Командиром Тенгинского полка был (1845 г.) полковник Хлюпин, мой старый знакомый. Начальником 19-й пехотной дивизии был г.-л. Иван Михайлович Лабынцев. Он жил в заштатном городе Георгиевске, и при нем был только его дивизионный штат. Все войска были в полном распоряжении кордонных начальников. Лабынцев не мог ими распоряжаться, но ему предоставлено было заботиться о хозяйственном благоустройстве. Конечно, он не делал ни того, ни другого, сидел себе в Георгиевске и ругал всех прохвостами. Понятно, что от таких ненормальных отношений начальствующих лиц войска терпели, и служба отправлялась неправильно. А между тем был он человек совсем недюжинный. С первых чинов на Кавказе он служил с особенным отличием, был хладнокровен в бою, храбр беззаветно и пользовался большим доверием войск. О нем тоже ходила между солдатами молва, что знает заговор от всякого оружия, потому что ни разу не был ранен. Он был довольно умен, хорошо грамотен и опытен в Кавказской войне и в военной администрации. Его недостатки были: скупость и грубый неуживчивый нрав. Он был холост и жил более чем скромно. Все это конечно не было особенно симпатично новому главнокомандующему тем более, [373] что Лабынцев не стеснялся выражаться обо всех с циническою грубостью, хотя не без своего рода юмора и остроумия, что делало ему много врагов. Когда в одну из критических минут Даргинской экспедиции, ему дано было 6 или 7 батальонов из войск 5-го корпуса для одного серьезного движения, он подошел к князю Воронцову и своим обыкновенным, т. е. грубым, тоном сказал: «Что вы, ваше сиятельство, дали мне эту кучу милиции? Позвольте мне взять батальон или два Кабардинского полка; это будет вернее». Это было при большой свите князя и в присутствие командира 5 пехотного корпуса, г. Лидерса. В этом несчастном походе Лабынцев и Козловский на плечах вынесли остатки отряда. Все говорили, что им не сдобровать; это оказалось верным только для Лабынцева: Козловский умел стушеваться. Лабынцев в последствии был корпусным командиром в России, произведен в генералы по инфантерии и выпросился на покой по армии. Он женился, и, кажется, теперь (1882 г.) еще жив.
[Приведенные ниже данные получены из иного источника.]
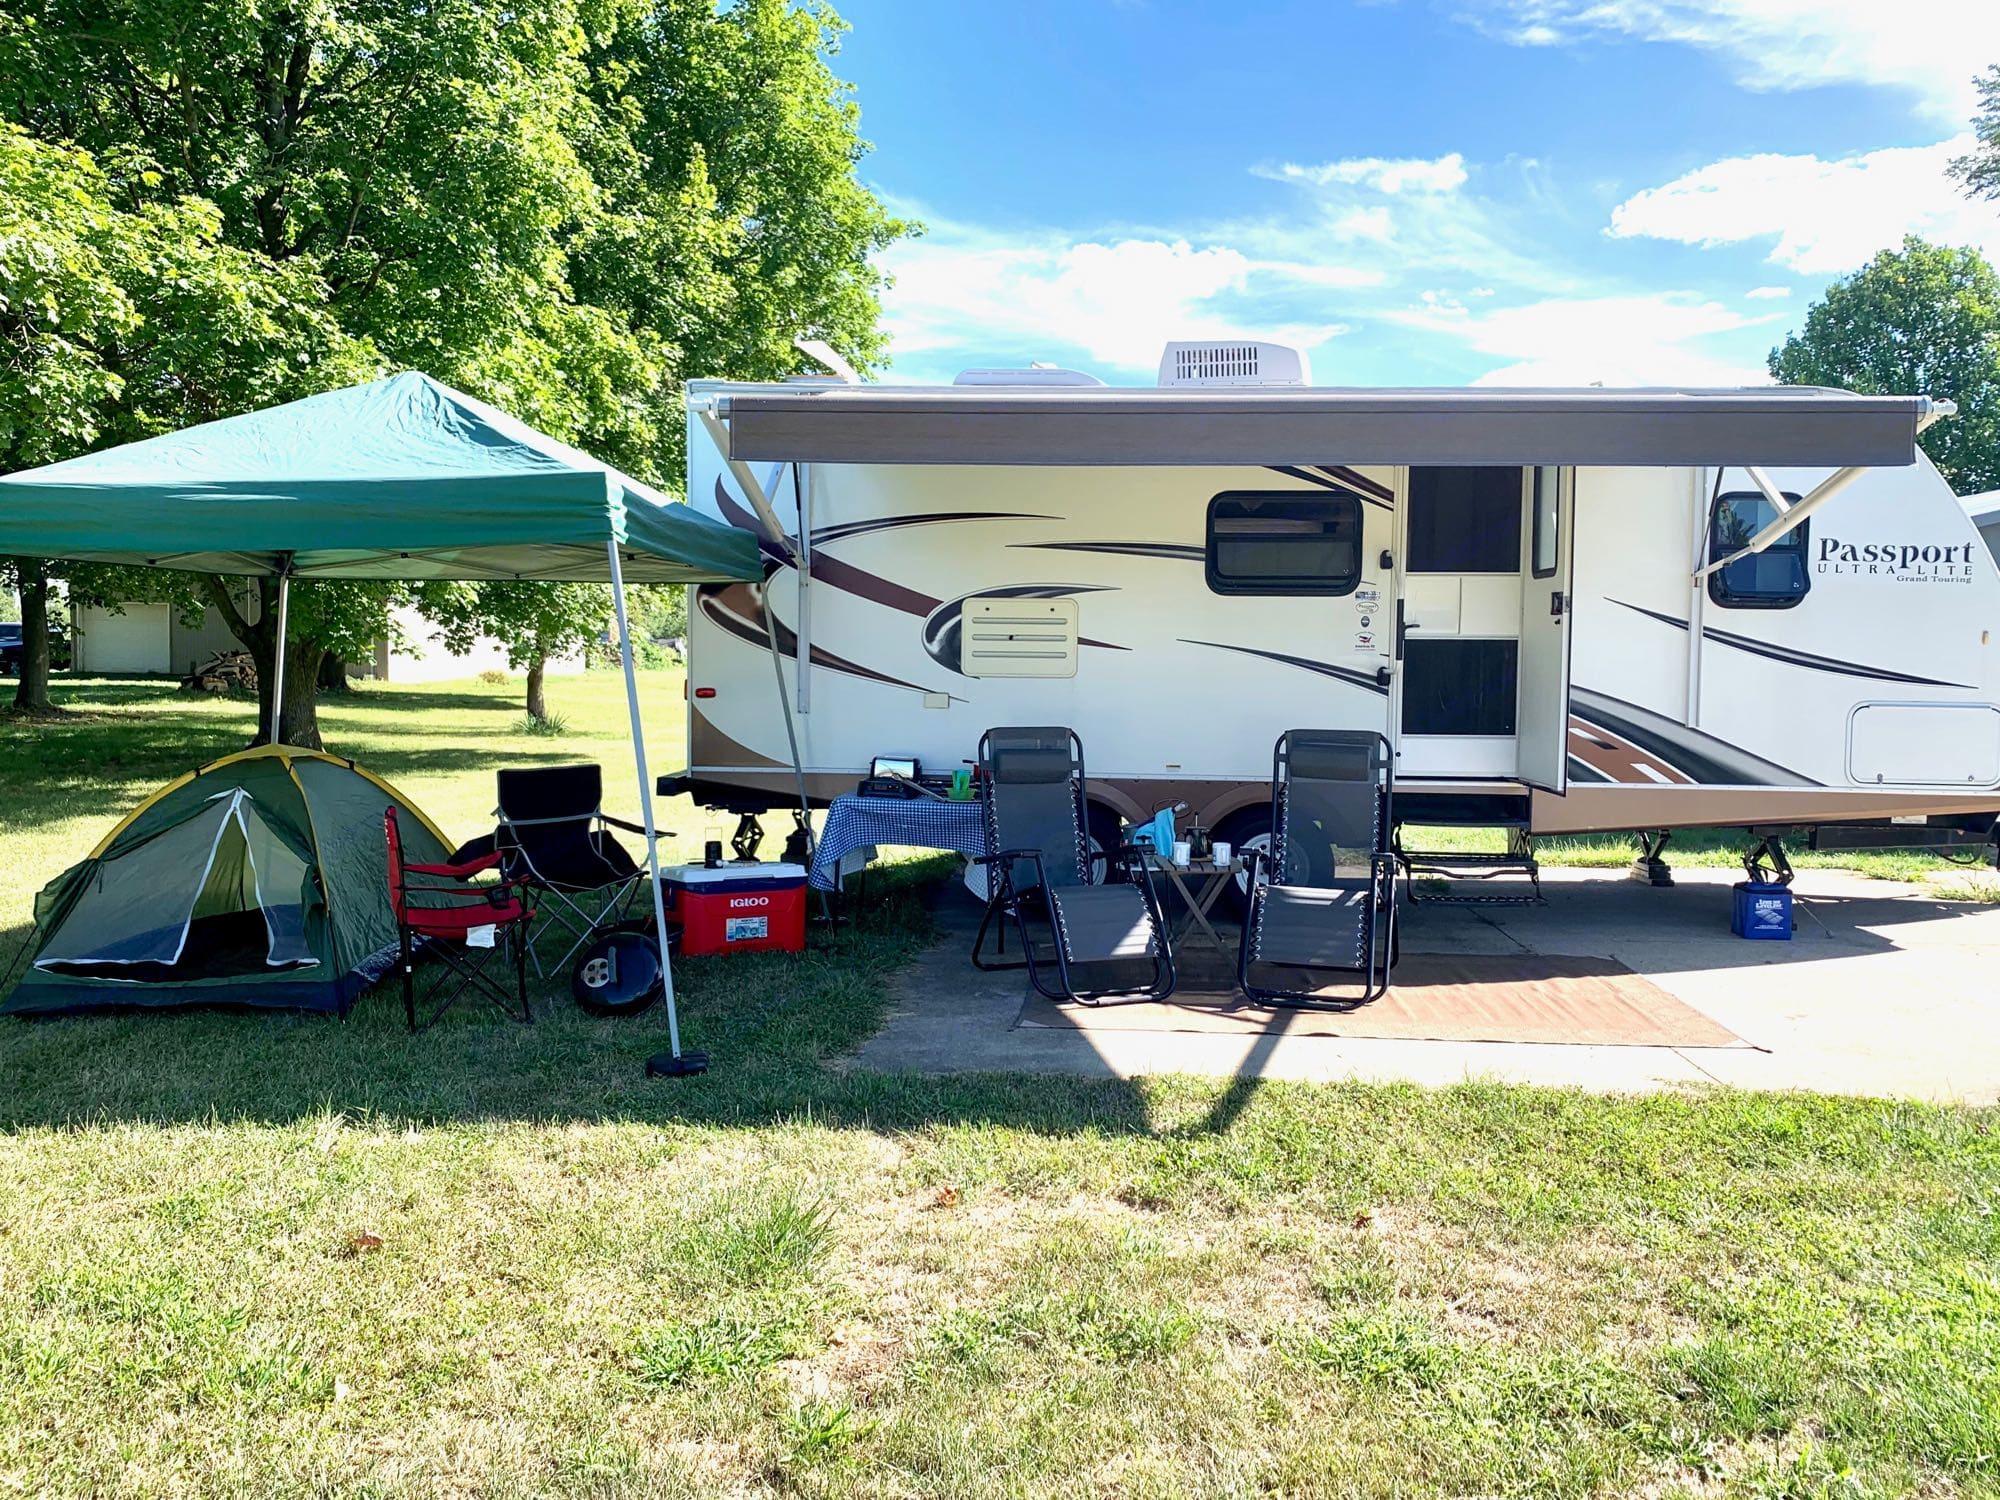 Full camp site ready for fun!. Keystone Passport 2013

Для усиления Кавказской армии, в разные времена, были переводимы из Новороссийского края все три дивизии 5-го пехотного корпуса с их артиллериею. Из них 1-я бригада 13-й дивизии была расположена на правом фланге Кавказской линии, 2-я бригада и вся 14-я дивизия отправлены на левый фланг в состав собиравшегося отряда для движения в Дарго, под личным начальством главнокомандующего, или для занятия множества укреплений, на смену там Кавказских войск; 15-я дивизия послана за Кавказ. Г. Лидерс находился при князе Воронцове, но ничем не распоряжался. Все войска его корпуса, по полкам, батальонам и ротам, были разобраны по всему Кавказу, в распоряжение местных кордонных начальников, и их ближайшие начальники могли только заботиться об их хозяйственном благоустройстве, да и то по мере возможности и с согласия кордонного начальника, который ни за благосостояние, ни за образование, ни за сбережение войск не отвечает. Трудно вообразить себе что-либо более анормальное. Войска конечно терпели, особливо при общей неопытности в крае новом и своеобразном; но все были довольны, потому что в Крыму было еще хуже, а впереди предстояли военные действия и отличия! Я сначала думал, что такой порядок установился временно, для обращения всех свободных средств в состав отряда, которому предстояли решительные действия против Шамиля; но диспозиция и употребление войск остались те же и по окончании этой несчастной экспедиции до самого выхода 5-го корпуса с Кавказа. [374]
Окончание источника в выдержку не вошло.